* EXERCISE DETAILS: Exact retyping of the data: please keep every word and drop each picture.

* INPUT DATA:

★ ★ ★ ★

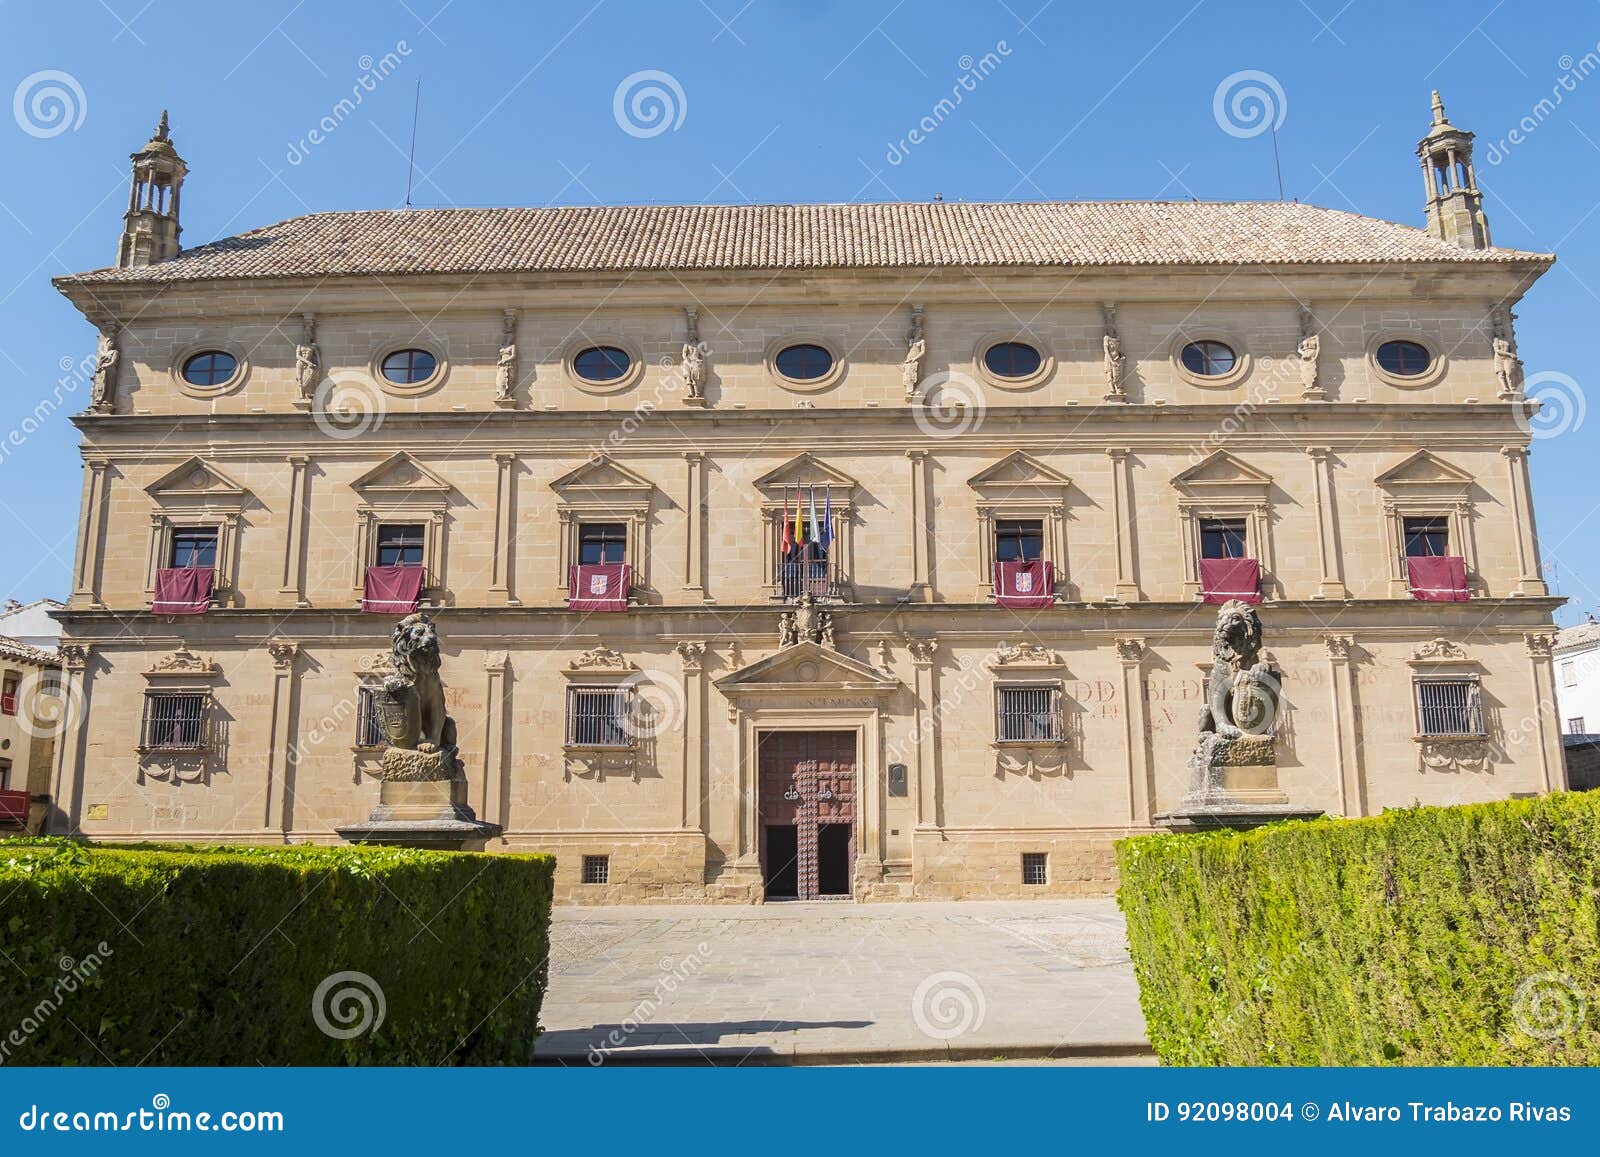 vazquez de molina palace palace of the chains, ubeda, spain
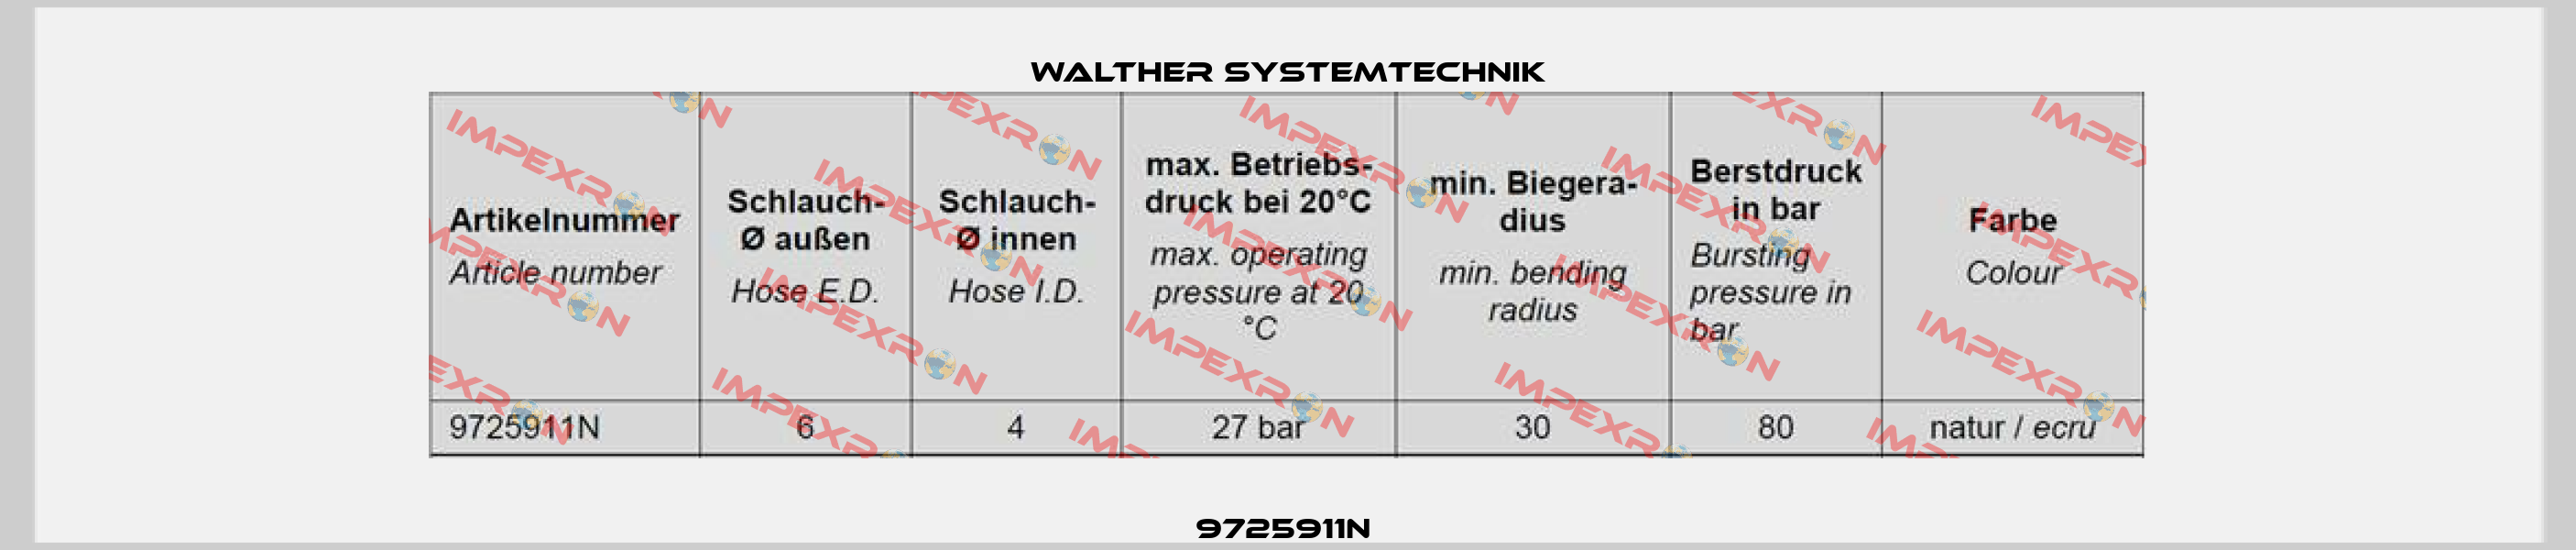 9725911N  Walther Systemtechnik
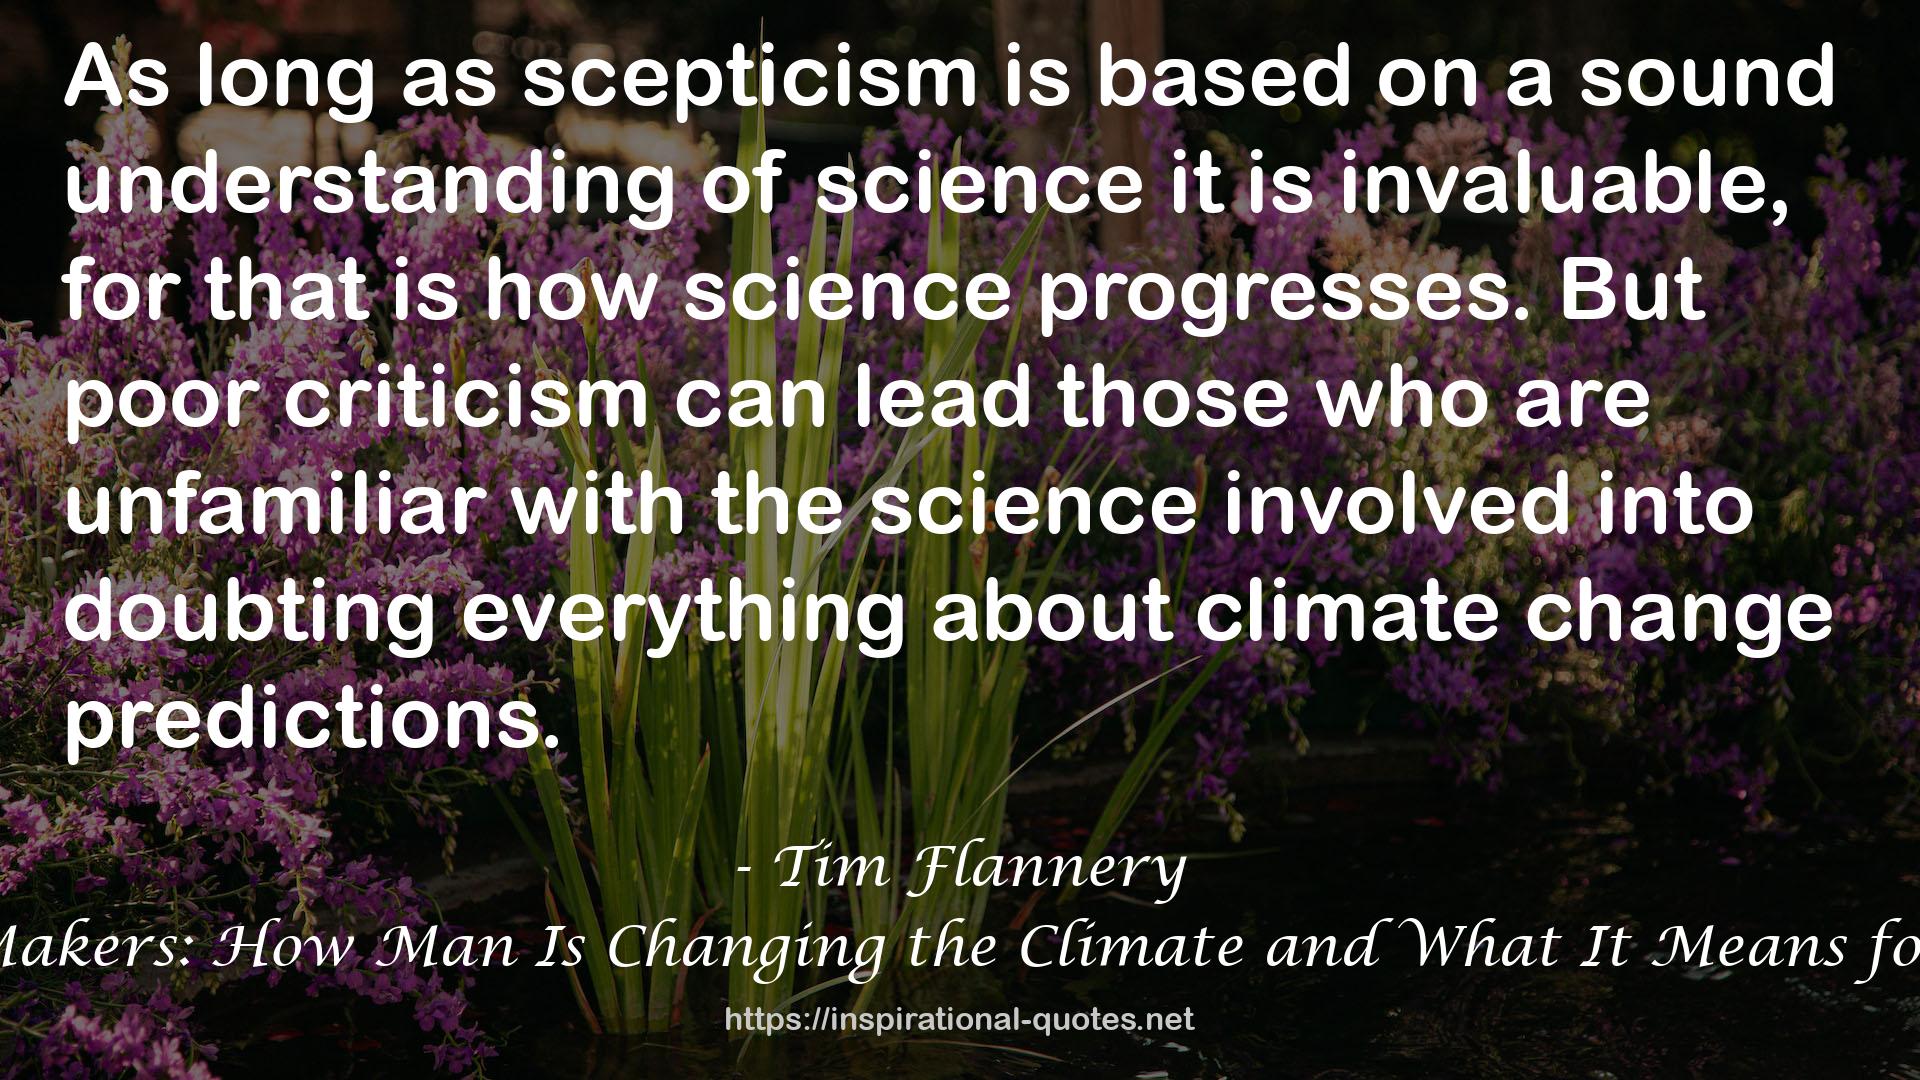 Tim Flannery QUOTES

★ ★ ★ ★

* ANSWER TO THIS TASK:
 vazquez de molina palace palace of the chains, ubeda, spain
 9725911N  Walther Systemtechnik
 Tim Flannery QUOTES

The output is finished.